The award-winning playwright Kay Mellor (Band Of Gold, Playing The Field, Between The Sheets, etc) says the play is based on a real experience of her mother’s and was written after the wedding of her younger brother.

Betty (Rachel Butcher) is up in the attic of the suburban house in Leeds where she lives with her husband Donald (Brian Williams) and her adored only son Mark (Jon Peckover). She is very smartly dressed to be in the attic – it is Mark’s wedding day. She clearly doesn’t want to go to the wedding.

Is she one of those obsessed mothers of spoiled sons, a future mother-in-law from hell for the new wife?

Mark scrambles up into the cluttered loft space to try to persuade her to come down. They talk – they always talk, they are each other’s best friends. They dance to a favourite scratchy old 60s vinyl record. She tries on a daffodil yellow dress with a tiny waist (“it was 24 inches” she tells the slightly sceptical Mark) and swirls the circular skirt as she dances. Suddenly she is 30 years younger, and Mark is still over the horizon.

But there is someone else in the attic – tall, handsome, with the hint of an attractive eastern European accent.
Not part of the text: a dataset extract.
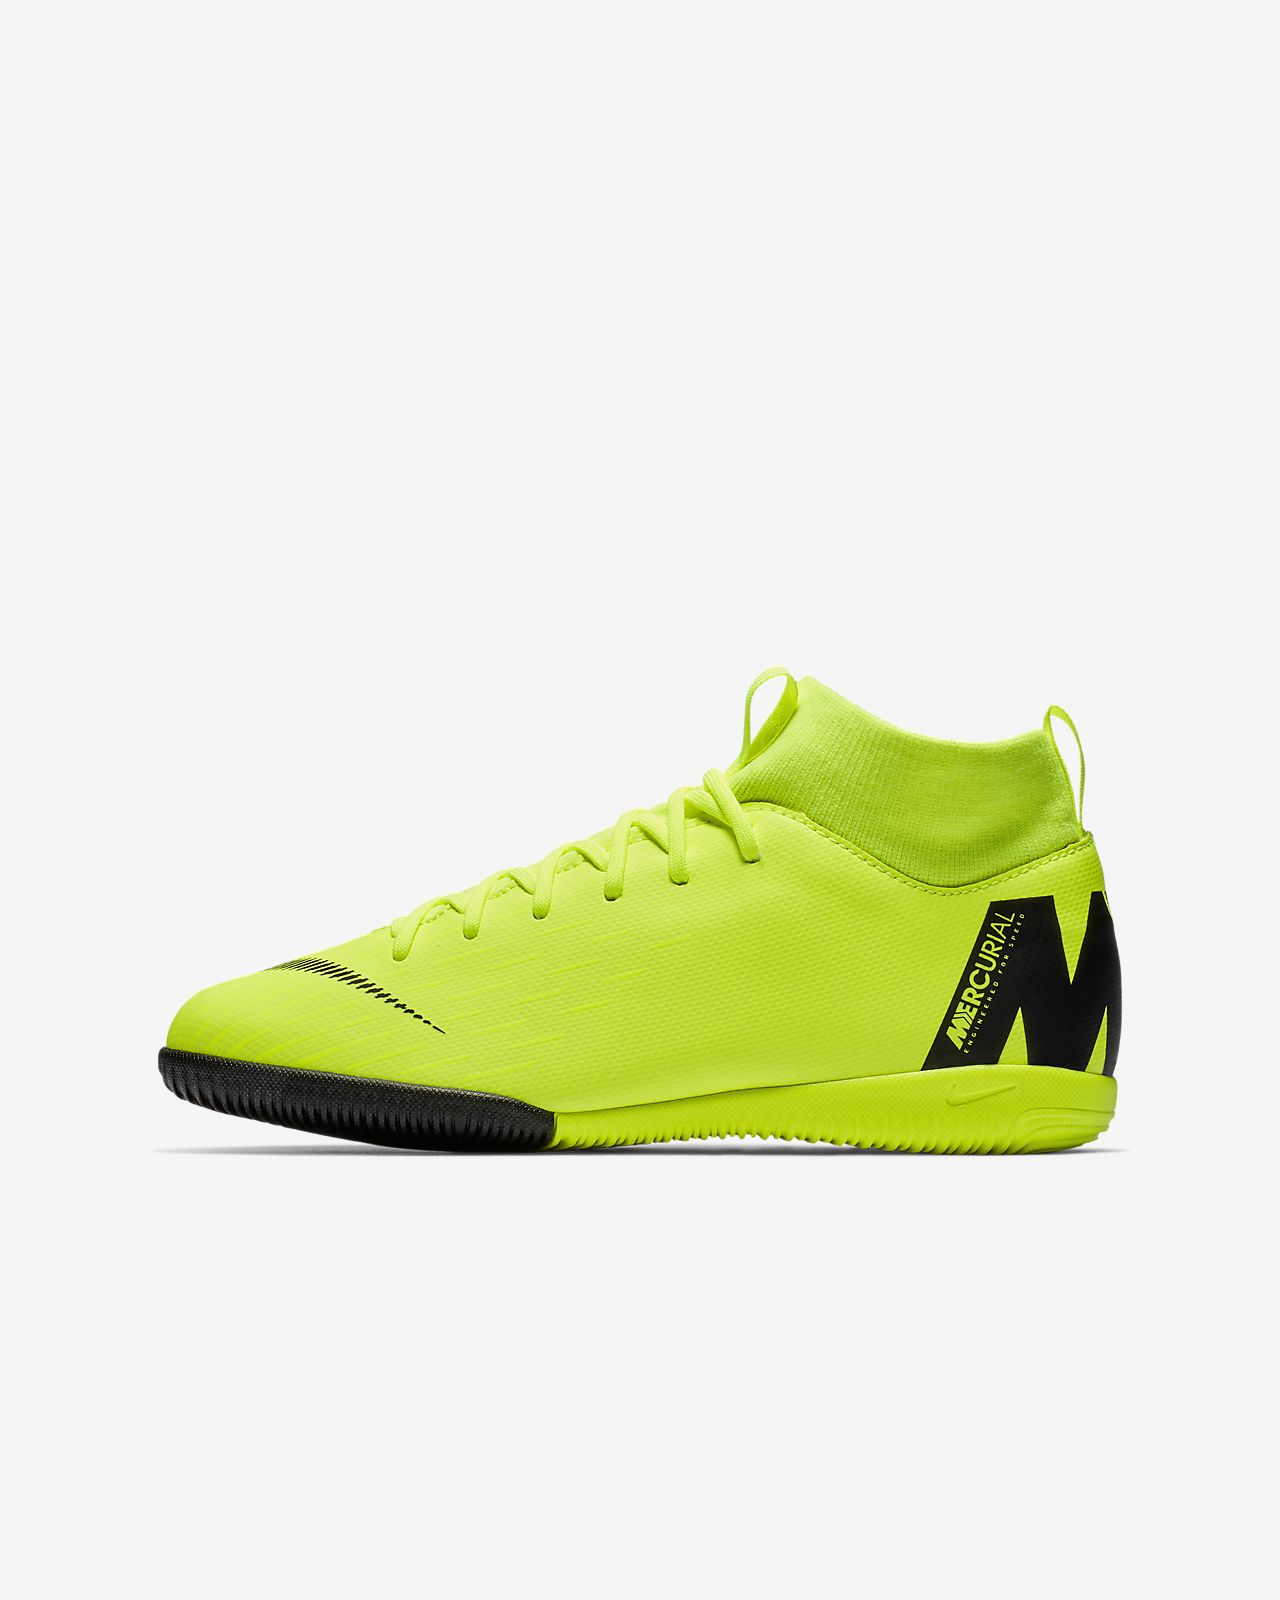 Nike Jr. SuperflyX 6 Academy IC Küçük/Genç Çocuk Kapalı Saha/Salon Kramponu

Mark can’t see Craze (Dave King) but when a love letter from all those years ago is taken from his fingers and wafted around the room, he begins to doubt his own eyes, just as he is worrying about his mother’s sanity.
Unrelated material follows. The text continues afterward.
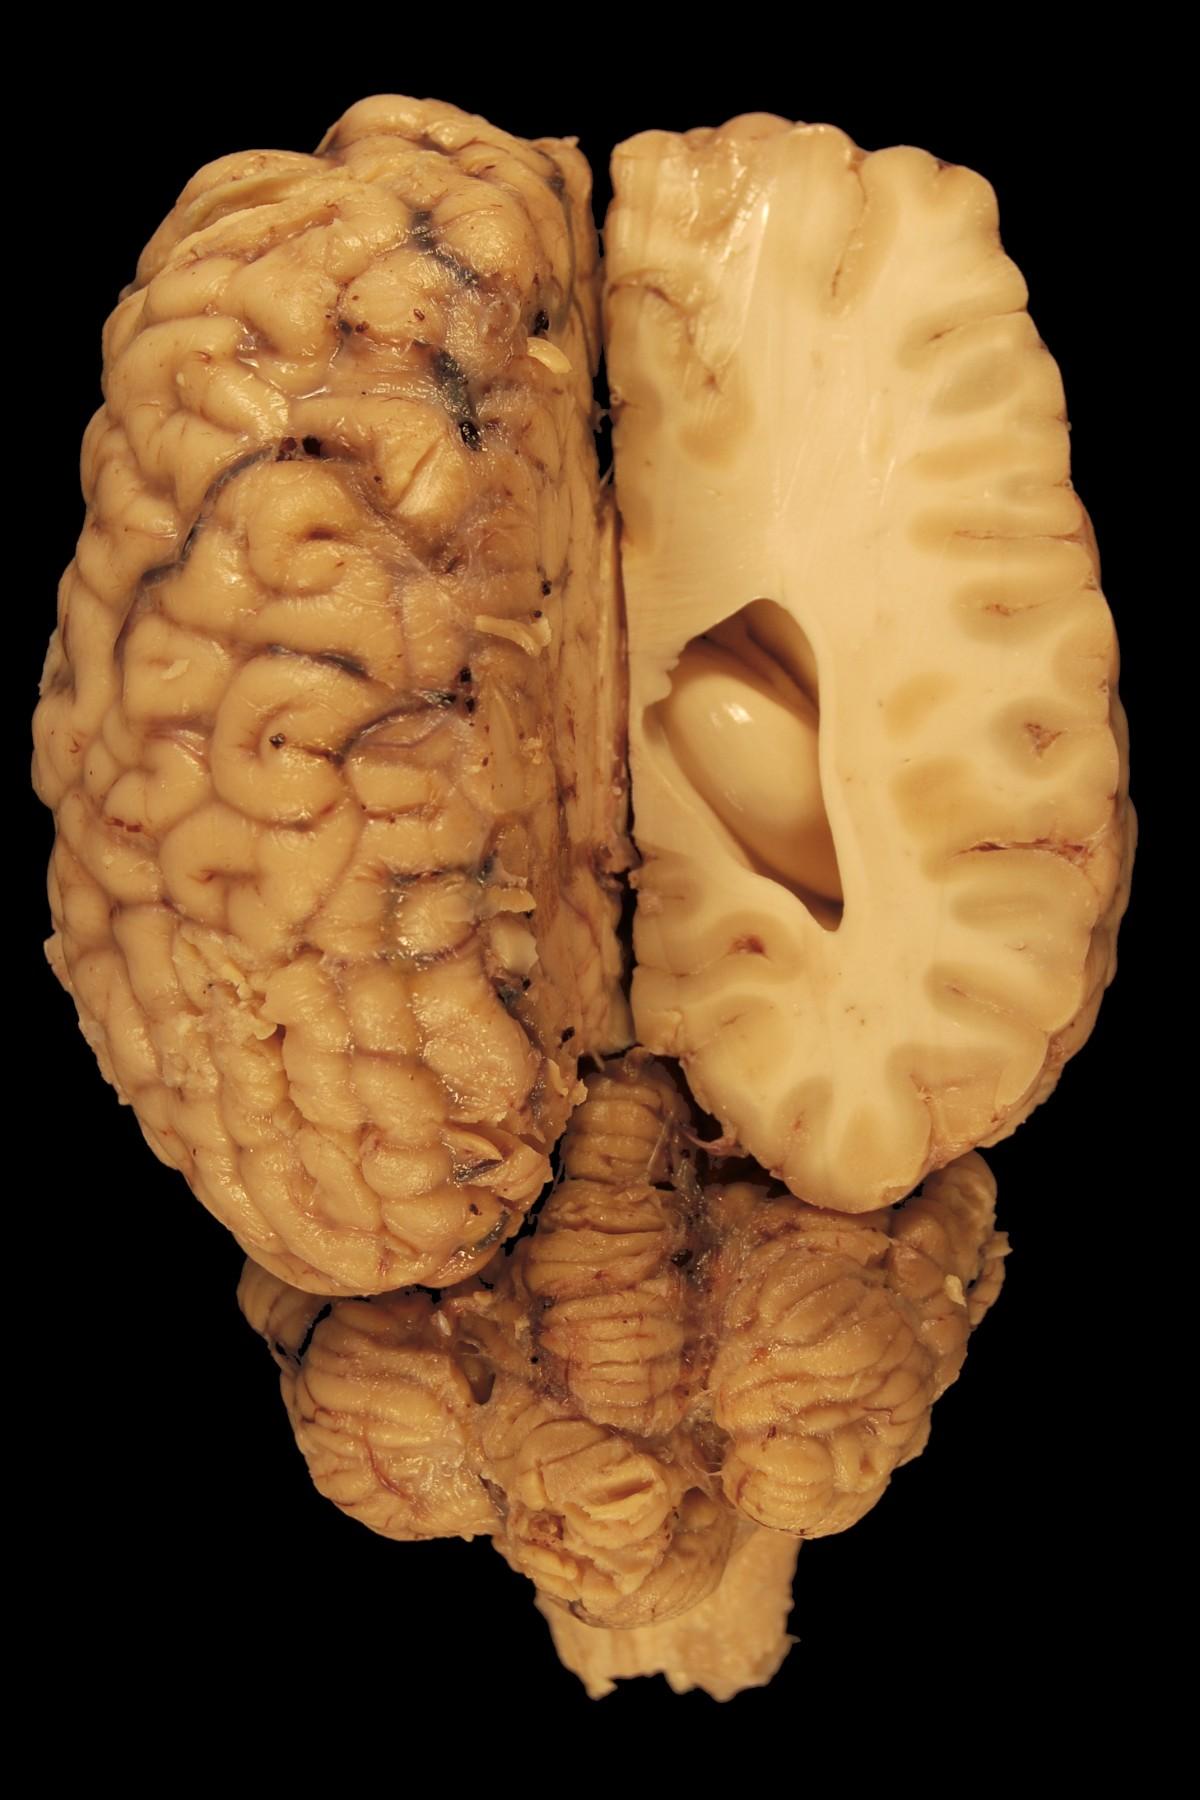 brain_anatomy_eyes_paerparat_horse_biology_dorsal_body-1126352.jpg

Has Craze come to take his adored mother away on his big day? And where is his father in all this?

At one level,  A Passionate Woman is a very funny play with a touch of magic realism; at a slightly deeper level it is about the difficulties and failures of communication between people who share their lives but not their inner feelings; and at an even deeper level, it is the story of a woman who has lived the life that the world, the neighbours and the men around her have expected, a life of duty to her (undemonstrative, dull) husband, focusing all her love and energy on her only child.

And what of Craze? Has she called him back because he was the love of her life? And what does he want?
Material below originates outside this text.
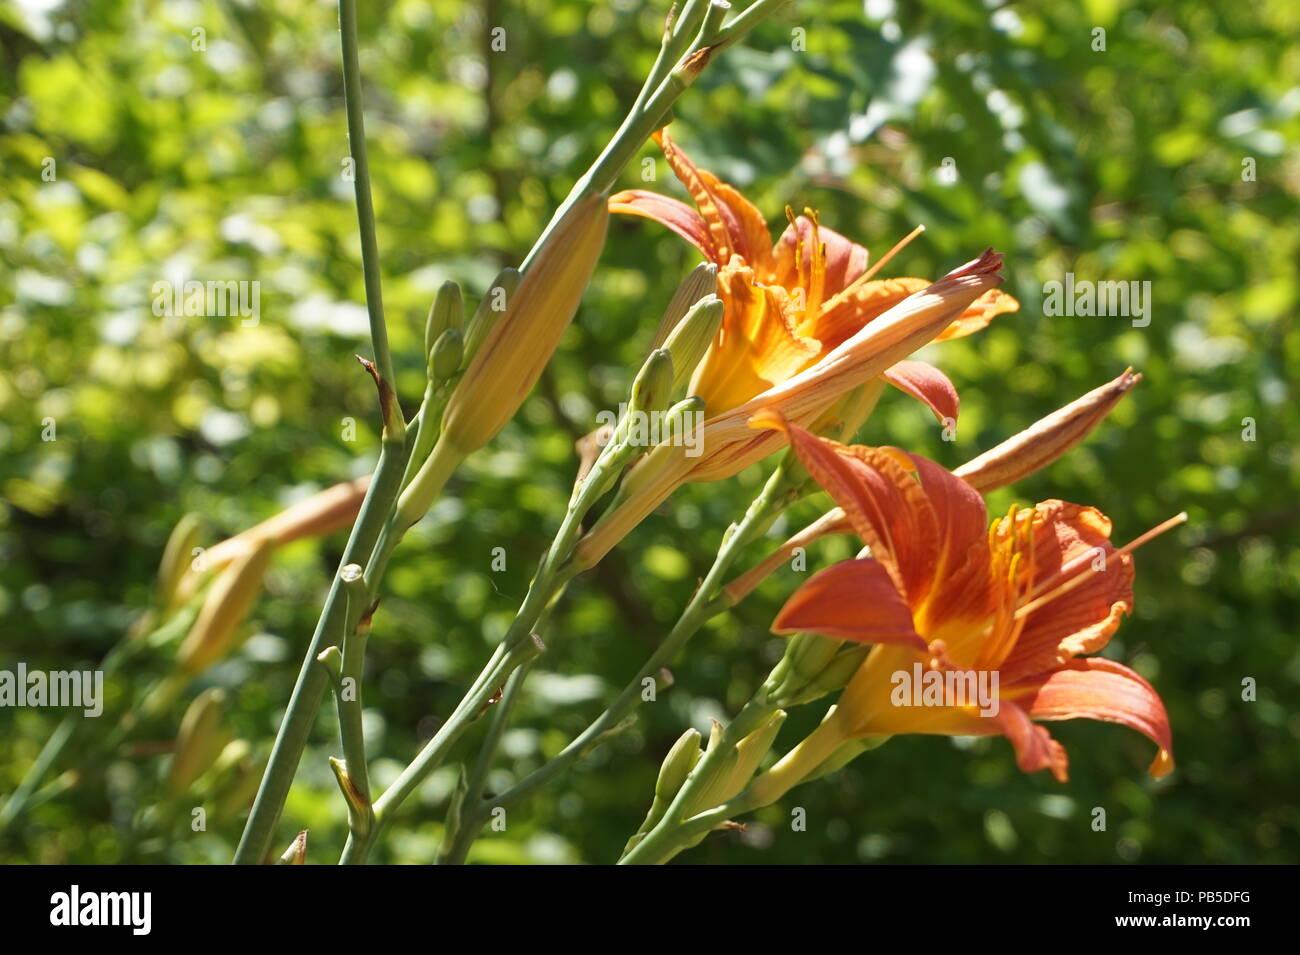 Wild Orange Lilies Stockfotos & Wild Orange Lilies Bilder - Alamy

Gradually the audience realises that what they are watching is Betty’s internal life taking physical shape and we are drawn into an understanding of the conflicts stirred up in a woman who is about to lose the only person whom she loves unconditionally, a woman who understands that she needs to listen to her own heart.

Rachel Butcher’s performance is a tour-de-force of suppressed anger, frustration and passion. She rolls back the years as she twirls in her yellow dress and we see the woman she was and the woman she might have been. For anyone who has watched someone (perhaps it was their mother) stepping out from the shell of ordinary life, sloughing off the carapace of convention in a suffocating marriage, it’s an exhilarating and moving performance.

Beryl Snadden’s direction keeps the pace up in this often farcical story, helped by convincing performances by the three men, a great set by the always clever Swan backstage team and Rachel Butcher, who dominates the action even when she is sitting, silent and unseen.

A memorable evening with a passionate woman.